* Working data *
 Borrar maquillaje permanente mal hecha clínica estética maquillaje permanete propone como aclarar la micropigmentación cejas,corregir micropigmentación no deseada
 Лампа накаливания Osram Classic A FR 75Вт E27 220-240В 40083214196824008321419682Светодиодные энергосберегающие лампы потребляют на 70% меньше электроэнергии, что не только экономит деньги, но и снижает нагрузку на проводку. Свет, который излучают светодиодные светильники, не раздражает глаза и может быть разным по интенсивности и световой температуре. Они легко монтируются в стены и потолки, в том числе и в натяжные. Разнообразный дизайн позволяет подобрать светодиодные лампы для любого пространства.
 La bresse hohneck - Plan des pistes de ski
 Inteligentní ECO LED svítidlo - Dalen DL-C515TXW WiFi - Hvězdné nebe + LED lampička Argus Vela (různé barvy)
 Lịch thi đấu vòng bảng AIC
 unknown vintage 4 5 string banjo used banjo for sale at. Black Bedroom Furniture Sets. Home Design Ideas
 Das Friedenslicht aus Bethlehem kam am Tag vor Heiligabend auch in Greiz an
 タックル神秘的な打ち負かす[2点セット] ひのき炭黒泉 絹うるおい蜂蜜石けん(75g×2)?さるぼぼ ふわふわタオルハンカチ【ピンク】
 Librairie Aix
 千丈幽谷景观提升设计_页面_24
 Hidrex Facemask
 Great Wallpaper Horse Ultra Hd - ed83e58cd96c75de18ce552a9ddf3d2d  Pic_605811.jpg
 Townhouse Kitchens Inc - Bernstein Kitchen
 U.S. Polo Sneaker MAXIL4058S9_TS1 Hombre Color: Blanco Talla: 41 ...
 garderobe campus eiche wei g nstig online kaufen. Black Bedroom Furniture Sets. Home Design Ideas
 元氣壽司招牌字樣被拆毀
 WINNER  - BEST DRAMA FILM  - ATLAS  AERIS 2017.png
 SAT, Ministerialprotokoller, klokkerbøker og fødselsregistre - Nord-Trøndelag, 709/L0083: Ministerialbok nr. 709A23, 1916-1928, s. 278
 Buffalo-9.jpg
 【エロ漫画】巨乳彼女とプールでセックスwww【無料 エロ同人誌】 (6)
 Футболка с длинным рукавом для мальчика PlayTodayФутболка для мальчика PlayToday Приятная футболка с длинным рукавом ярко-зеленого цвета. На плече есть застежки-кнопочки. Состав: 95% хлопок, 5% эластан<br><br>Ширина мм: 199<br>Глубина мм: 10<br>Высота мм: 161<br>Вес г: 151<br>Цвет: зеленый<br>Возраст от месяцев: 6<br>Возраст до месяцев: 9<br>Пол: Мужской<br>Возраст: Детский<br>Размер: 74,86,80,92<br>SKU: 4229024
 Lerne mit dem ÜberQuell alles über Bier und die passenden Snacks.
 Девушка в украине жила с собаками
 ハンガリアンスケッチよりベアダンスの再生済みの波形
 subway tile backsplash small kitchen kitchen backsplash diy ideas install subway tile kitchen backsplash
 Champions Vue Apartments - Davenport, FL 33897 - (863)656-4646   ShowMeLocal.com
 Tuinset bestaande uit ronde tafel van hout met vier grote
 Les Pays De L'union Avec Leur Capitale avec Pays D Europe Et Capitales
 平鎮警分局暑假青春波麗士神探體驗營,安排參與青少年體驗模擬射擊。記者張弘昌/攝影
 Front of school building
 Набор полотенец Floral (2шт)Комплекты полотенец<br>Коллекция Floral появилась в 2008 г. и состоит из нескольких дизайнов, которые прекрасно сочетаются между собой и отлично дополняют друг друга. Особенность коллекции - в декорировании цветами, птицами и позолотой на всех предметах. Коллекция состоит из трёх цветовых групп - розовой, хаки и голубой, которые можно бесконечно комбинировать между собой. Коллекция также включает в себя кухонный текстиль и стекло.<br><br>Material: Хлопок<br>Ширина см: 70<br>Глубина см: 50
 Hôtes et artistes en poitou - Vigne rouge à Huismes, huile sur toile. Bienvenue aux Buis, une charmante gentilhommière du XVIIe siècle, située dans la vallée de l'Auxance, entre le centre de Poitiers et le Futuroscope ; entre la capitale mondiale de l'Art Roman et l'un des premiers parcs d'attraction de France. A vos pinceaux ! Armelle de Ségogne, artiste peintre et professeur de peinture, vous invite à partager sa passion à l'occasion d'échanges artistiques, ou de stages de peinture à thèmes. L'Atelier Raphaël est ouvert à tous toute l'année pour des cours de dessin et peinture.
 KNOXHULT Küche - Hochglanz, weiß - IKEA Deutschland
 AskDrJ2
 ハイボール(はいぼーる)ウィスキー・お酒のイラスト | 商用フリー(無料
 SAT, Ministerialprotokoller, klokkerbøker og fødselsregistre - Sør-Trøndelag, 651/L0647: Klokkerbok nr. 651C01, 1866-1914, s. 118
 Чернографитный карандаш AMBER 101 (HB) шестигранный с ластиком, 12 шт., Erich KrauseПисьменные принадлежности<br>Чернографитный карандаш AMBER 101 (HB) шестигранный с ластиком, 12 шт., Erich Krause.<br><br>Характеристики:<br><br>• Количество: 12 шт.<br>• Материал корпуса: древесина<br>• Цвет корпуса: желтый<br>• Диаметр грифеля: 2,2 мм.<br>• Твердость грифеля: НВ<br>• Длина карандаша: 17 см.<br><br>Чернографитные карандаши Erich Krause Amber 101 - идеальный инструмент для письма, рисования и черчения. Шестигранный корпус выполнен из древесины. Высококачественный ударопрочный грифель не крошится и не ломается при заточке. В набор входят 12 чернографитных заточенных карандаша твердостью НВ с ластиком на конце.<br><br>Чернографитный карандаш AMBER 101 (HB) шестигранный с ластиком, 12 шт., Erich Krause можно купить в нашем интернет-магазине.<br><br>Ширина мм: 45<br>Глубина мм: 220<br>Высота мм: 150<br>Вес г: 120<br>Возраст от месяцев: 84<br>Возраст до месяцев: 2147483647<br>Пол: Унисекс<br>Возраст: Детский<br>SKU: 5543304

* Task brief *
Every line of the material that holds "можно" should be copied out as the answer.

* Response to the exercise *
 Набор полотенец Floral (2шт)Комплекты полотенец<br>Коллекция Floral появилась в 2008 г. и состоит из нескольких дизайнов, которые прекрасно сочетаются между собой и отлично дополняют друг друга. Особенность коллекции - в декорировании цветами, птицами и позолотой на всех предметах. Коллекция состоит из трёх цветовых групп - розовой, хаки и голубой, которые можно бесконечно комбинировать между собой. Коллекция также включает в себя кухонный текстиль и стекло.<br><br>Material: Хлопок<br>Ширина см: 70<br>Глубина см: 50
 Чернографитный карандаш AMBER 101 (HB) шестигранный с ластиком, 12 шт., Erich KrauseПисьменные принадлежности<br>Чернографитный карандаш AMBER 101 (HB) шестигранный с ластиком, 12 шт., Erich Krause.<br><br>Характеристики:<br><br>• Количество: 12 шт.<br>• Материал корпуса: древесина<br>• Цвет корпуса: желтый<br>• Диаметр грифеля: 2,2 мм.<br>• Твердость грифеля: НВ<br>• Длина карандаша: 17 см.<br><br>Чернографитные карандаши Erich Krause Amber 101 - идеальный инструмент для письма, рисования и черчения. Шестигранный корпус выполнен из древесины. Высококачественный ударопрочный грифель не крошится и не ломается при заточке. В набор входят 12 чернографитных заточенных карандаша твердостью НВ с ластиком на конце.<br><br>Чернографитный карандаш AMBER 101 (HB) шестигранный с ластиком, 12 шт., Erich Krause можно купить в нашем интернет-магазине.<br><br>Ширина мм: 45<br>Глубина мм: 220<br>Высота мм: 150<br>Вес г: 120<br>Возраст от месяцев: 84<br>Возраст до месяцев: 2147483647<br>Пол: Унисекс<br>Возраст: Детский<br>SKU: 5543304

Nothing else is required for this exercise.